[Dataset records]

———

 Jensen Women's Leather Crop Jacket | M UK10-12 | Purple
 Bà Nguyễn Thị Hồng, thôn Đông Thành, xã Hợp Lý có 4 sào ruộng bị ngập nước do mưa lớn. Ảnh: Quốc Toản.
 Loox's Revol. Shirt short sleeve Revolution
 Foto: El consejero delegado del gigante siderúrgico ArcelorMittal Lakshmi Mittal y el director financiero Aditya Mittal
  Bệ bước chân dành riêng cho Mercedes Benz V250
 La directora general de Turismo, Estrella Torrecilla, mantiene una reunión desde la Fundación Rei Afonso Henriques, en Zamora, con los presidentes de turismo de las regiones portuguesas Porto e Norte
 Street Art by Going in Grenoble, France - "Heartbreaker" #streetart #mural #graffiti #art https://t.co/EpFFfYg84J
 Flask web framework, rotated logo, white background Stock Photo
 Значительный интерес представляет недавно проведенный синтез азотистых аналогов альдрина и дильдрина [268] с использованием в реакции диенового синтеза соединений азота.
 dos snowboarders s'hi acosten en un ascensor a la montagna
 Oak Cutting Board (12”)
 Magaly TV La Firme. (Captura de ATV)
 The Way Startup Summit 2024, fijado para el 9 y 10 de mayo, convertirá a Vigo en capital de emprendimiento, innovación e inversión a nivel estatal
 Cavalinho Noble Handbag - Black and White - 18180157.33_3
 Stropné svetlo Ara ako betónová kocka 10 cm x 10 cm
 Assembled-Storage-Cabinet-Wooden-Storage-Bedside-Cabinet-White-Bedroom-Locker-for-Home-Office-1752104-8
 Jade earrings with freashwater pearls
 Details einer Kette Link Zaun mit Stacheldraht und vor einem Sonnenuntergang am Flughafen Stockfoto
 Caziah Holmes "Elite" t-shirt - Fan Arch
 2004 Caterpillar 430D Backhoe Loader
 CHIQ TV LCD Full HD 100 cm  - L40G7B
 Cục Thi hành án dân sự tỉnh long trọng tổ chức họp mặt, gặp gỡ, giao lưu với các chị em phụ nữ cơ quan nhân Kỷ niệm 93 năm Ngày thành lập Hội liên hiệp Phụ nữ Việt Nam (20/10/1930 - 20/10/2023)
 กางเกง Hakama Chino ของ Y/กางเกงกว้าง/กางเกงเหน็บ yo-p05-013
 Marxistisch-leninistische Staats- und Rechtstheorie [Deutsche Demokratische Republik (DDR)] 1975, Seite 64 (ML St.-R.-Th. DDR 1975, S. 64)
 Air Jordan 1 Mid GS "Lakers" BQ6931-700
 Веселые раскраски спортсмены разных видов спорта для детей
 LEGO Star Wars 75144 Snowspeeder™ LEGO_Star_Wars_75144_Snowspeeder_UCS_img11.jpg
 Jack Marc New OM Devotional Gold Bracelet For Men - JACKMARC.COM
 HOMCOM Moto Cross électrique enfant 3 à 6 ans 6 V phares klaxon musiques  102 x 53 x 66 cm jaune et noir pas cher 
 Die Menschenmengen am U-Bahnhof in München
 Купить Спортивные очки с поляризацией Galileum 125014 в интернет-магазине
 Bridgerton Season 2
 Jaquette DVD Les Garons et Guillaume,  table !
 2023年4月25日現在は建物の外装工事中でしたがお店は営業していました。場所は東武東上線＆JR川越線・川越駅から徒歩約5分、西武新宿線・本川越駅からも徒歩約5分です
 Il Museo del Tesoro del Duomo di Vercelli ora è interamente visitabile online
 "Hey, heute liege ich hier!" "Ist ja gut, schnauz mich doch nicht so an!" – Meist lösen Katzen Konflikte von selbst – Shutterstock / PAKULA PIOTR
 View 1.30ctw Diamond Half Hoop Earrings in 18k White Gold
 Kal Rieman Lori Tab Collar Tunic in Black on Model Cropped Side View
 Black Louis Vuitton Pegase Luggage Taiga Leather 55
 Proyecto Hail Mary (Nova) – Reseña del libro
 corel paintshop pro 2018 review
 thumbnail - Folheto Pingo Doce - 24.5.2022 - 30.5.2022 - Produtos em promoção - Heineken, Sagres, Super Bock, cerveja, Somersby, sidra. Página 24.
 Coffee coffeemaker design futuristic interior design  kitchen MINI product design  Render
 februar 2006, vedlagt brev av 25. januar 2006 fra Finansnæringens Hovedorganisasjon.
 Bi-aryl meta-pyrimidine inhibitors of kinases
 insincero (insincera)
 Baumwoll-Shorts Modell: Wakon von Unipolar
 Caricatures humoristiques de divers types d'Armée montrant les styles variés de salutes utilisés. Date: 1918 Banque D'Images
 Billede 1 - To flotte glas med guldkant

———

▸ **Your task**:
Search term "Gold": return each line of the data that contains it.

▸ **Response to the exercise**:
 Jack Marc New OM Devotional Gold Bracelet For Men - JACKMARC.COM
 View 1.30ctw Diamond Half Hoop Earrings in 18k White Gold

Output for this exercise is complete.